Phoenix House Texas had provided substance use primary residential and outpatient treatment to adolescents regardless of ability to pay from its inception in 1995 until September 29, 2023, when the organization closed all treatment programs due to lack of sufficient, sustainable funding.

=== National Capital Treatment & Recovery ===
National Capital Treatment & Recovery (formerly known as Phoenix Houses of the Mid-Atlantic and before that as Vanguard Services Unlimited) serves individuals struggling with substance abuse in Maryland, Virginia, Washington, D.C., Delaware, Pennsylvania, and New Jersey. Programs provide residential, transitional, and outpatient treatment with gender-specific programs to adults and adolescents. A Spanish-language men's residential program is also offered.

== Celebrity involvement ==
Completing work on Cadillac Records, Beyoncé Knowles donated her entire salary to Phoenix House. Beyoncé also visited the Phoenix House Career Academy at Jay Street in Brooklyn, New York, while preparing to portray singer Etta James, who was once addicted to heroin. Beyoncé and her mother and business partner Tina Knowles later founded the Career Academy's Beyoncé Cosmetology Center, which offers a seven-month cosmetology training program for adults.

Grammy-nominated singer/songwriter Kara DioGuardi created and contributes to the Phoenix Rising Music Program, which includes recording studios in three Phoenix House Academy facilities. The program teaches teens how to operate music recording equipment and how to record their own music as part of their music therapy programs.

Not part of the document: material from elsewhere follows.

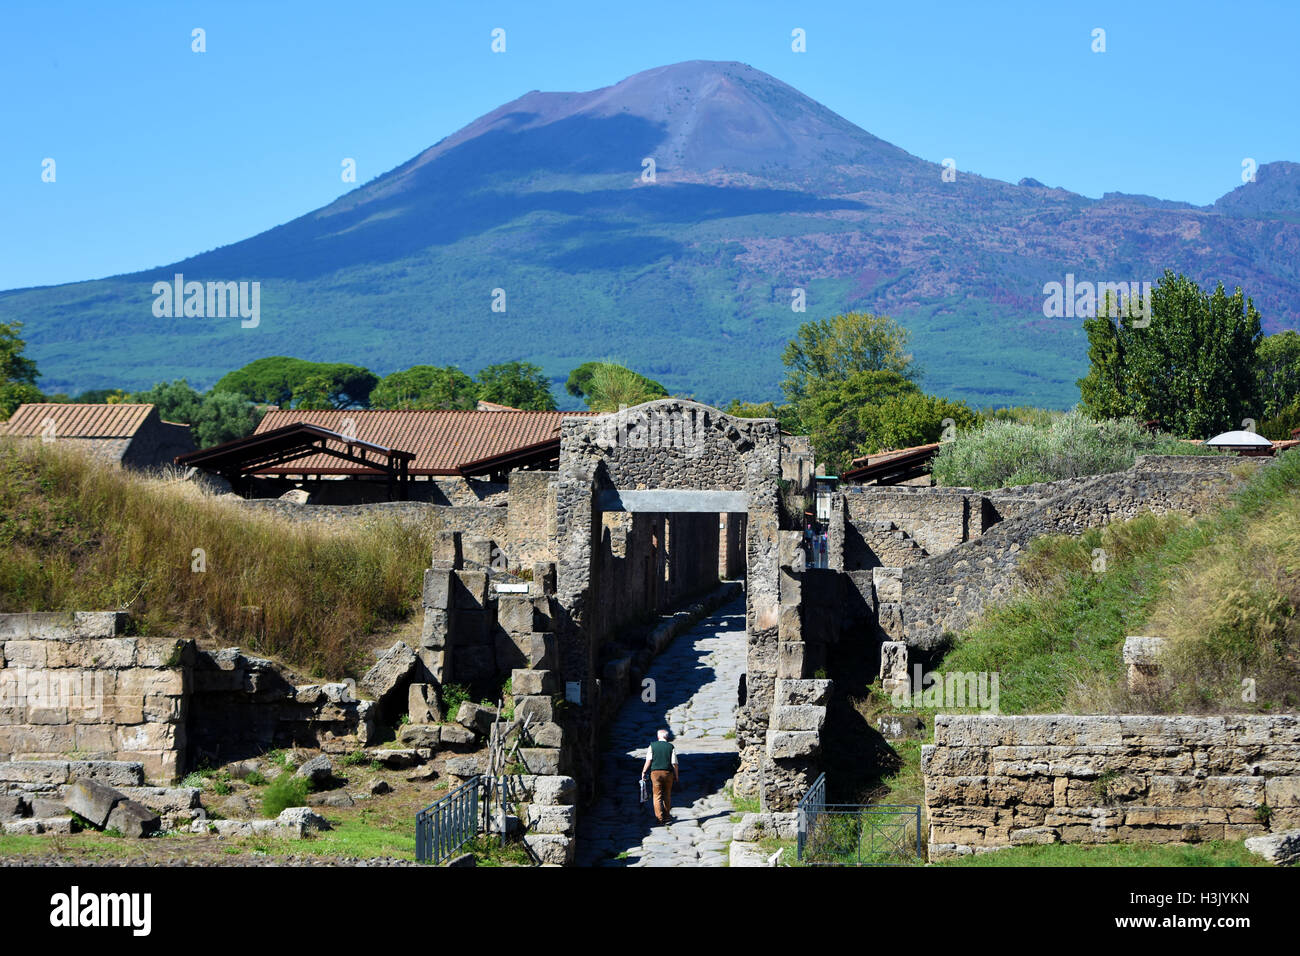 Sul Vesuvio e le rovine romane, i corpi e gli affreschi di Pompei, Italia. Foto Stock

Phoenix House is thanked in the liner notes of Velvet Gloves and Spit.

== Affiliates ==
Phoenix House is affiliated with COAF (Center on Addiction and the Family). COAF helps families affected by alcohol and other drug abuse and also runs the Facts on Tap education campaign for college students.

Phoenix House was also established in the UK as an entirely separate organisation, though has its origins in the USA-based Phoenix House described above. Phoenix House (UK) runs a number of residential rehabilitation units, structured day programs and is the largest not for profit provider of prison based substance misuse programmes in the UK. In November 2006, Phoenix House (UK) rebranded to trade under the name 'Phoenix Futures.

== Drug policy ==

The organization's past president opposed the legalization of marijuana, and has opposed needle exchanges to provide clean needles to addicts.